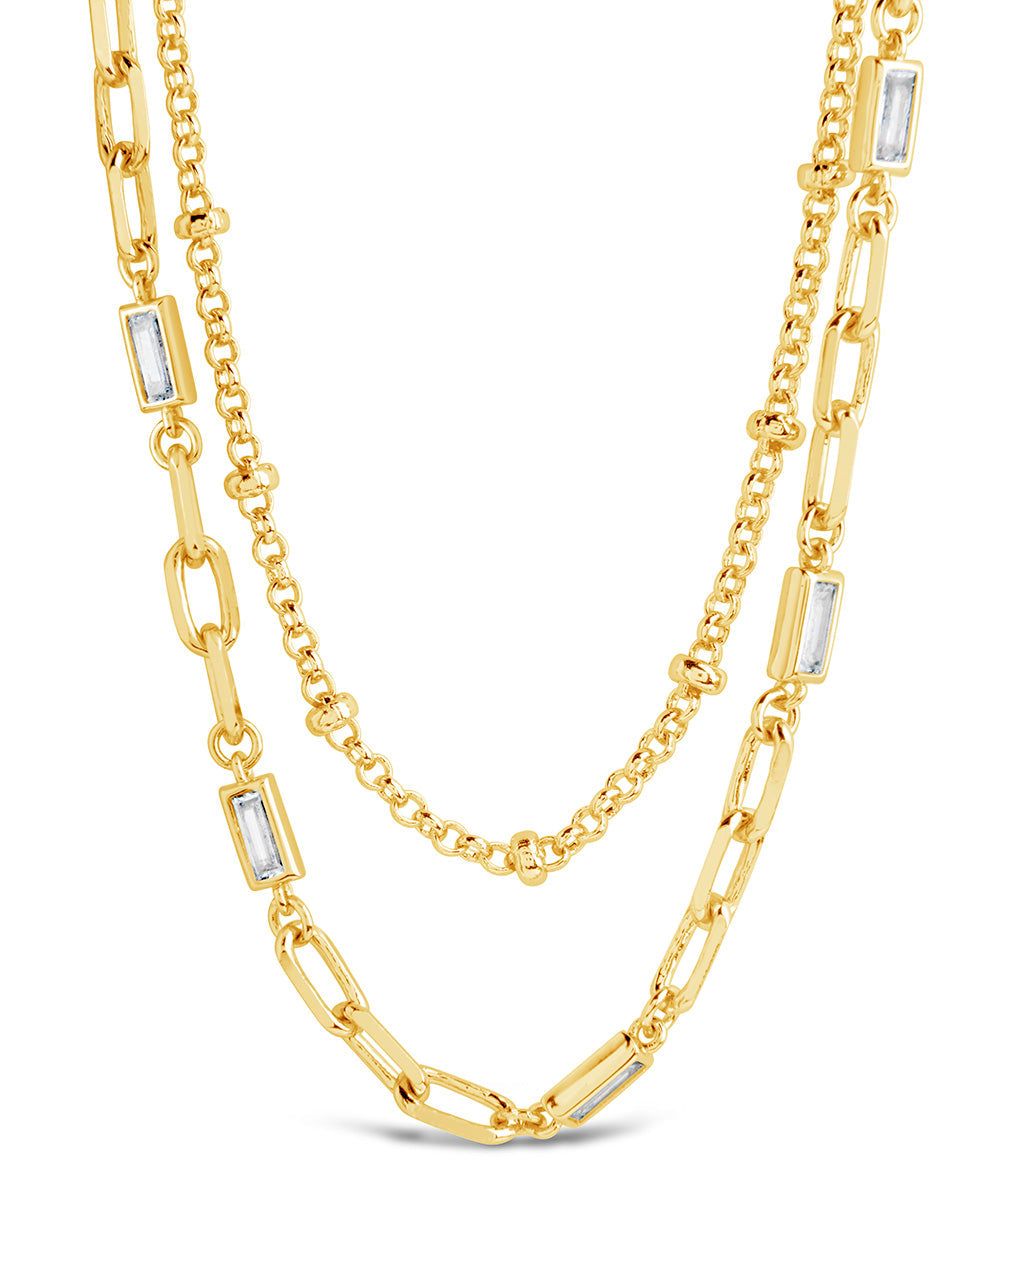 Palmer Layered Necklace Necklace Sterling Forever Gold 
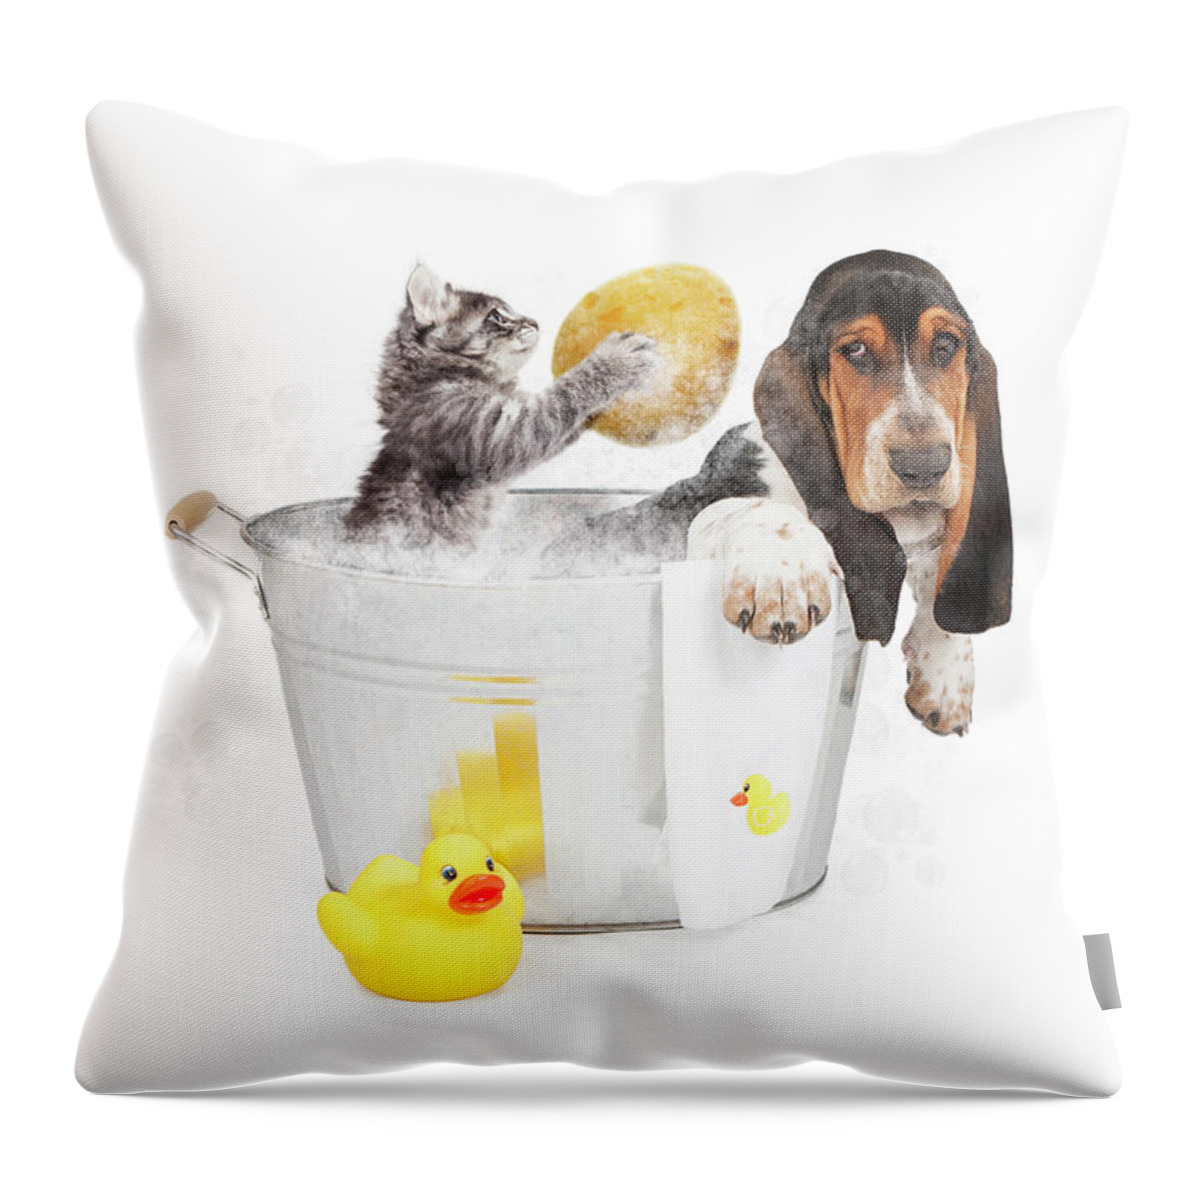 Dog Throw Pillow featuring the photograph Kitten Washing Basset Hound in Tub by Good Focused
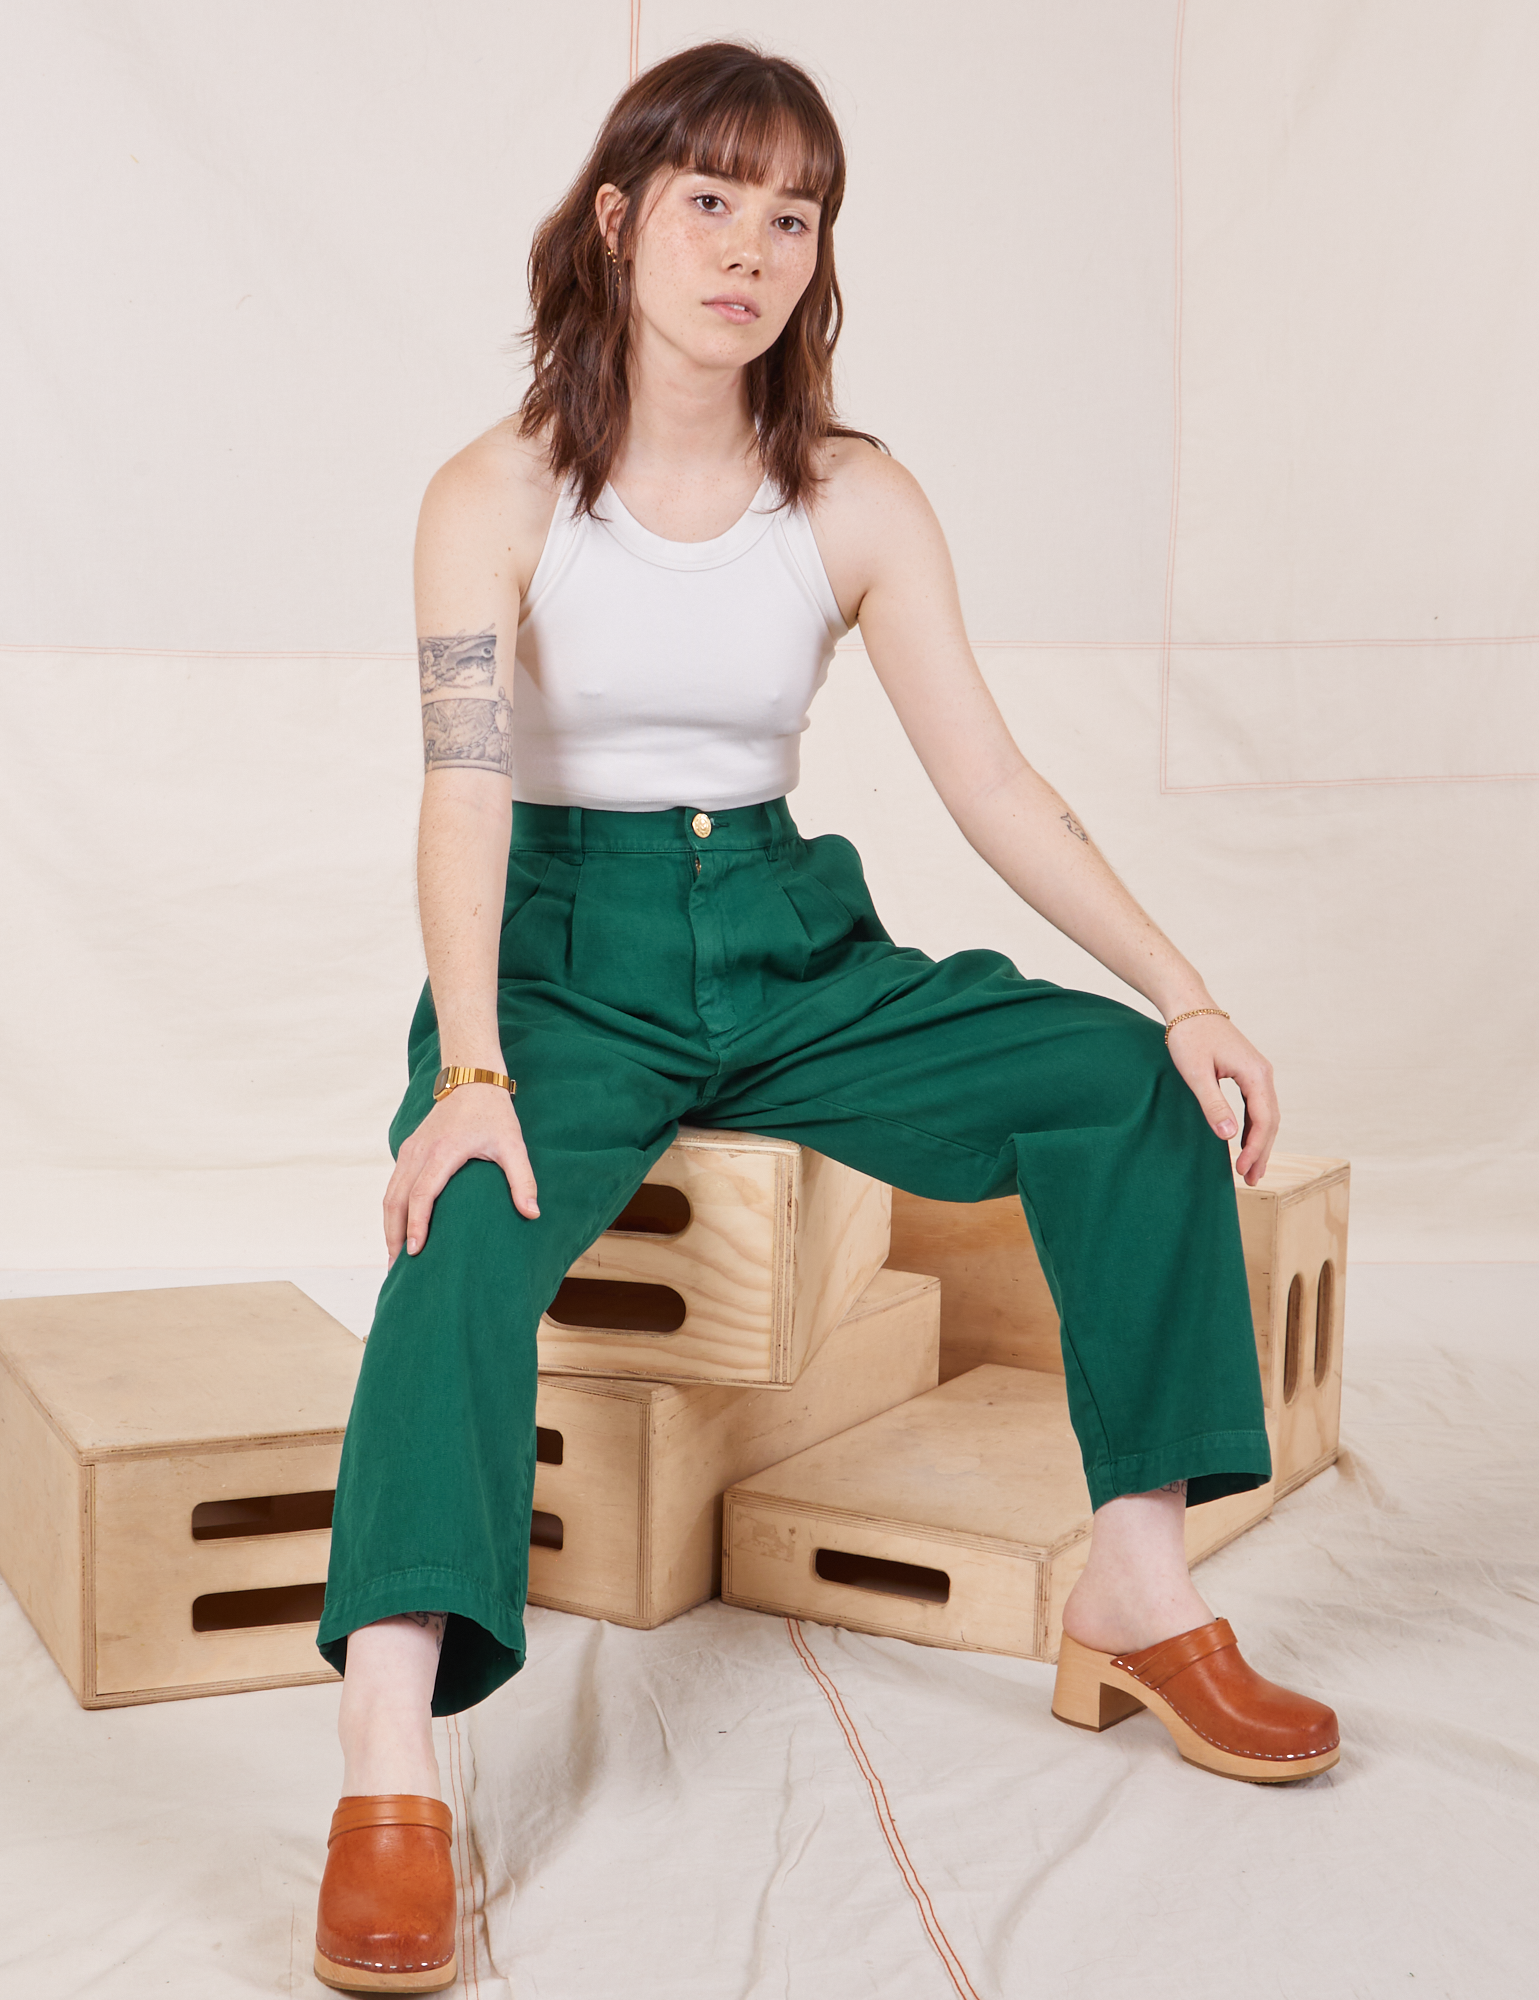 Hana is wearing Heavyweight Trousers in Hunter Green and Halter Top in vintage tee off-white
******
Problem to work on:
The output is to be the material in full and unaltered, with pictures omitted.

Answer to this problem:
 Palmer Layered Necklace Necklace Sterling Forever Gold 
 Dog Throw Pillow featuring the photograph Kitten Washing Basset Hound in Tub by Good Focused
 Hana is wearing Heavyweight Trousers in Hunter Green and Halter Top in vintage tee off-white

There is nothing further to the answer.